The provocative short story by acclaimed author Hilary Mantel, which imagines the assassination of former Prime Minister Margaret Thatcher, is being brought to the stage in a new theatrical adaptation scheduled for Liverpool next year.
From Page to Stage: A Controversial Vision
The Assassination of Margaret Thatcher – August 6th 1983, originally published in the Guardian in 2014, will be transformed into a psychological thriller at Liverpool's Everyman theatre in May. The adaptation comes from playwright Alexandra Wood and will be directed by John Young, who emphasises the production explores broader themes beyond its controversial premise.
"This isn't just a play for people who have an opinion or strong feeling towards Maggie Thatcher," Young explained. "It's about class, about lives that collide, people trying to understand, asking questions, coming together and bridging that divide."
The Story Behind the Controversy
The narrative is set in 1983, when a woman in a "genteel corner" of Windsor answers her door expecting a plumber, only to encounter a gunman seeking to use her flat's vantage point. His target is the then-prime minister, who is undergoing an eye operation at a nearby private hospital.
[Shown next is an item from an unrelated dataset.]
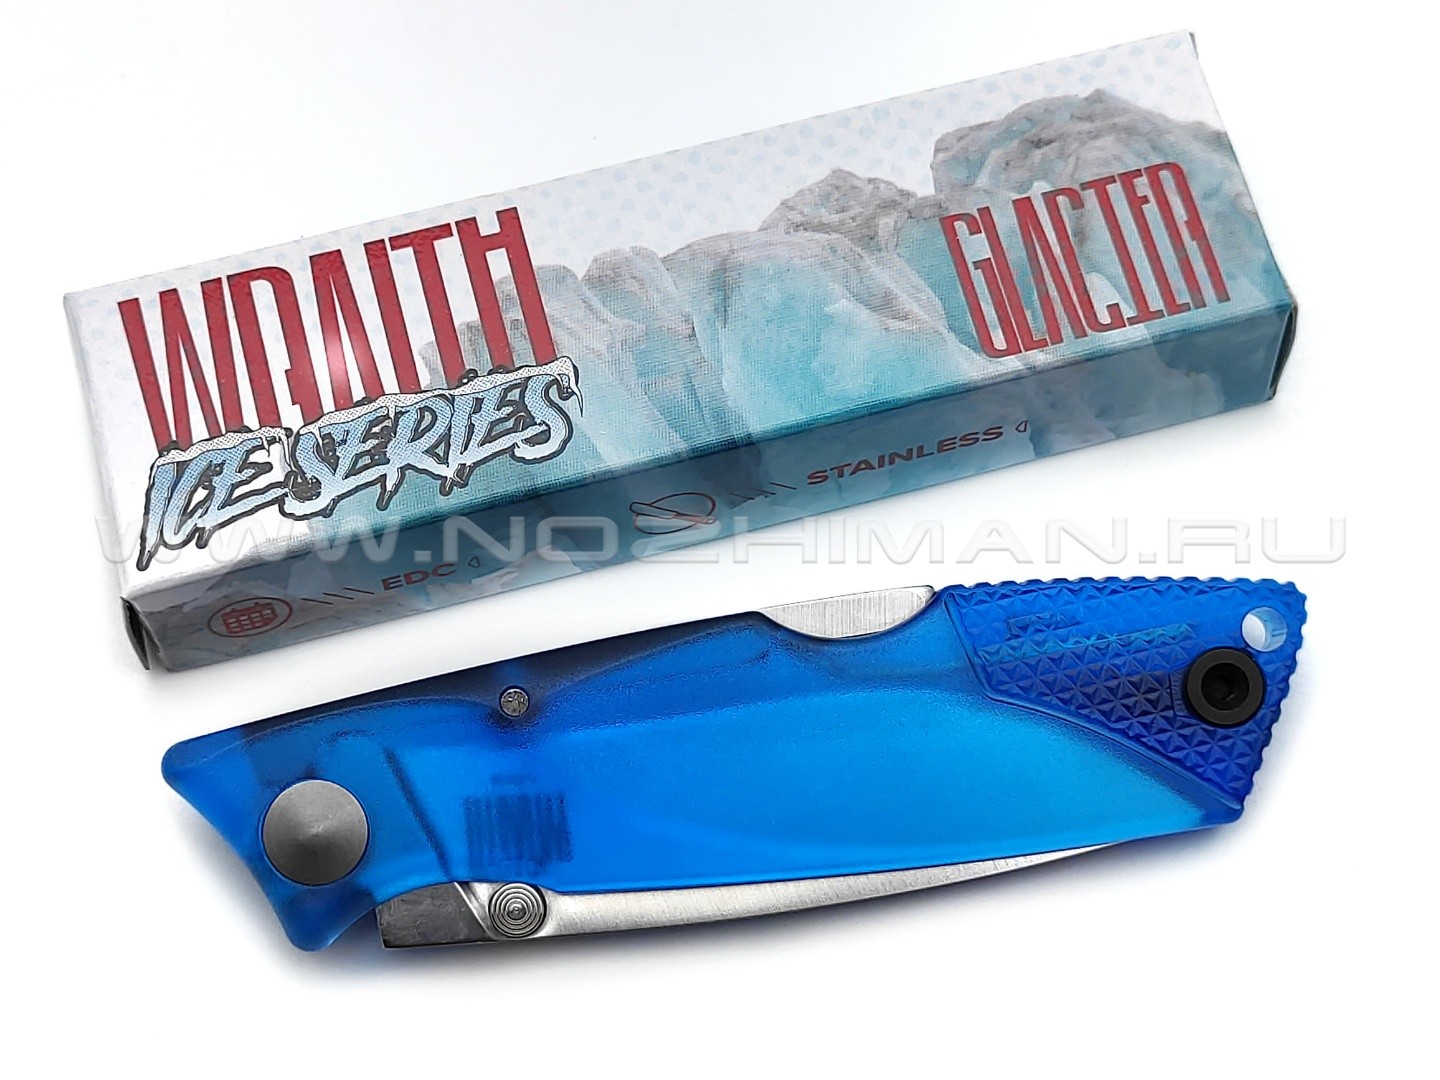 Нож Ontario Wraith Glacier Ice Series 8798SB сталь 1.4116, рукоять Plastic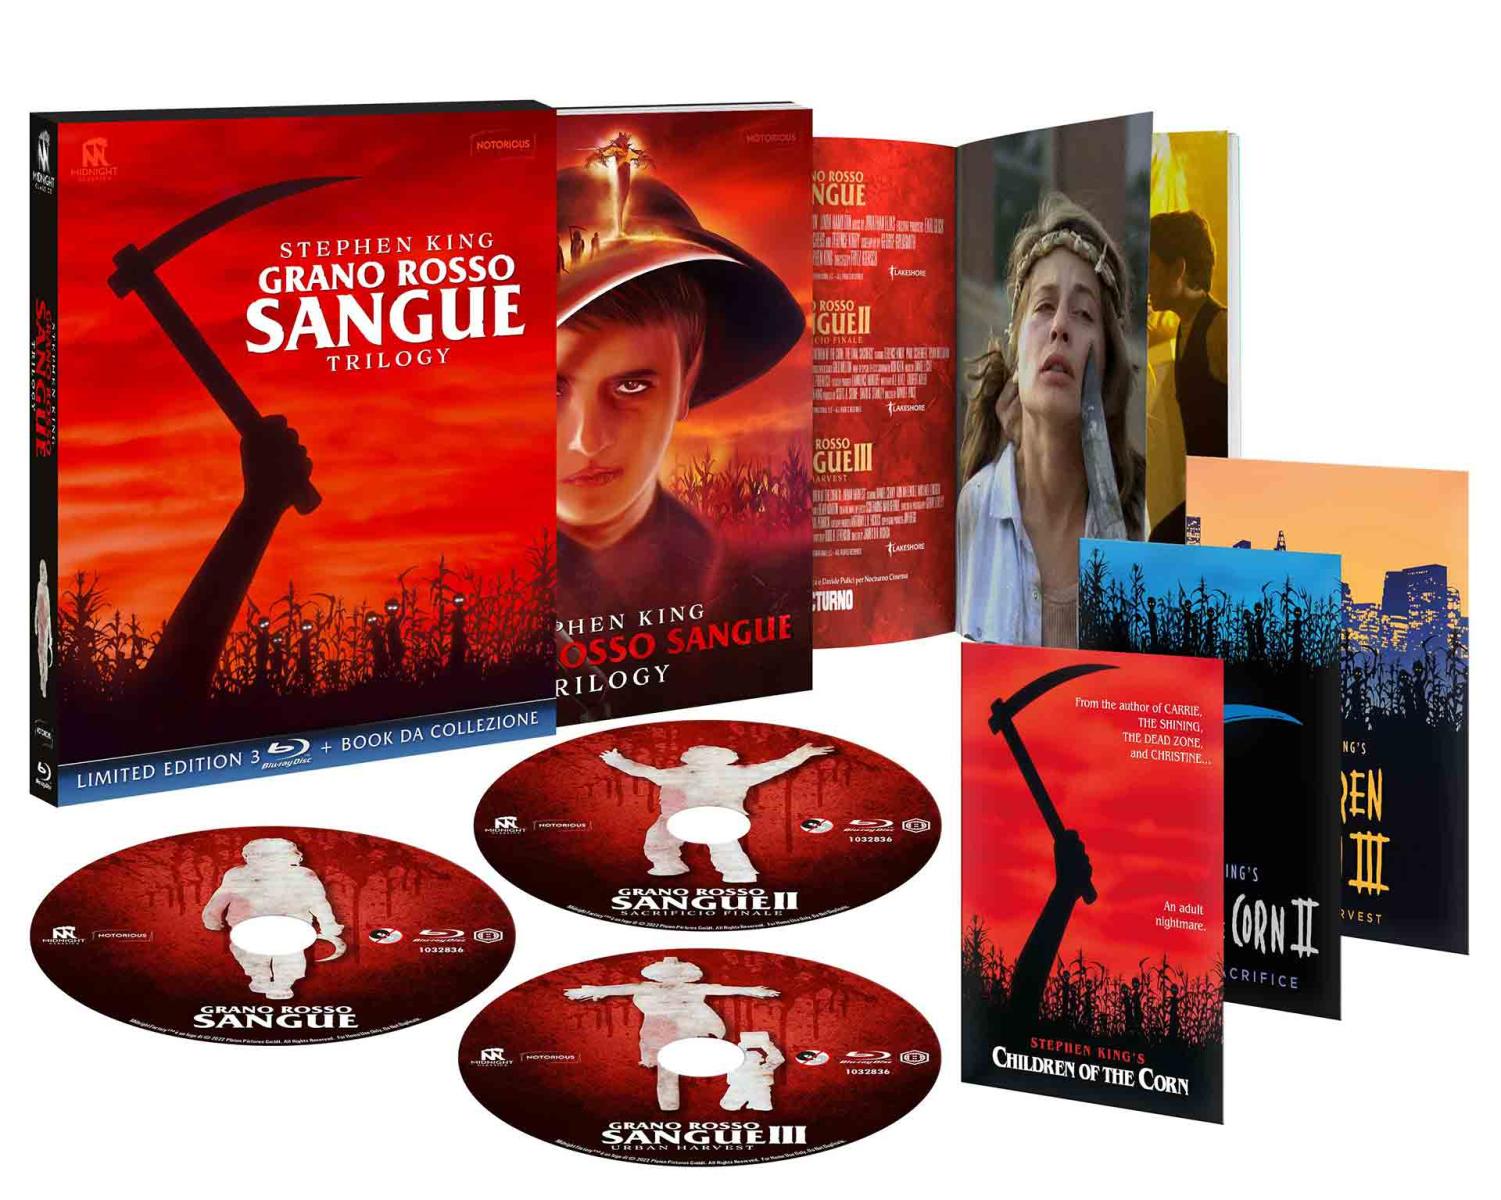 Grano Rosso Sangue Trilogy - Limited Edition 3 Blu-ray + Book da Collezione (Blu-ray) Image 7

Mantel drew inspiration from her own experience of spotting Thatcher in the hospital grounds from her Windsor flat on the exact date mentioned in the title. "Immediately your eye measures the distance," she told the Guardian in 2014. "I thought, if I wasn't me, if I was someone else, she'd be dead."
Despite this moment occurring three decades earlier, Mantel only wrote the story a year after Thatcher's death, explaining she had struggled to develop the dynamic between the gunman, motivated by "Ireland. Only Ireland," and the female narrator. "They must examine their own myths and those of their communities," Mantel noted. "Each colludes for their own reasons."
Political Fallout and Lasting Relevance
Upon its original publication, the story attracted significant criticism, including calls from Conservative MPs for police investigation. Mantel dismissed these responses, stating: "I think it would be unconscionable to say this is too dark, we can't examine it. We can't be running away from history."
Director John Young highlights the continued relevance of the story's themes, particularly in Liverpool. The sniper possesses what the narrator describes as a Liverpudlian accent, and the story unfolds during a period of sustained industrial decline in the port city, just two summers after the Toxteth riots.
"There are big themes about what Thatcher means to us now, and what she meant, and her relationship to a divided Britain," Young said. "And of course, the relationship between Thatcher and Liverpool."
The production will run at the Everyman theatre from 2nd to 23rd May, with casting yet to be announced. Young praised the venue's ability to handle both intimate drama and expansive themes, noting: "You're in a small flat with just two people, but the ideas and subjects they're talking about are enormous."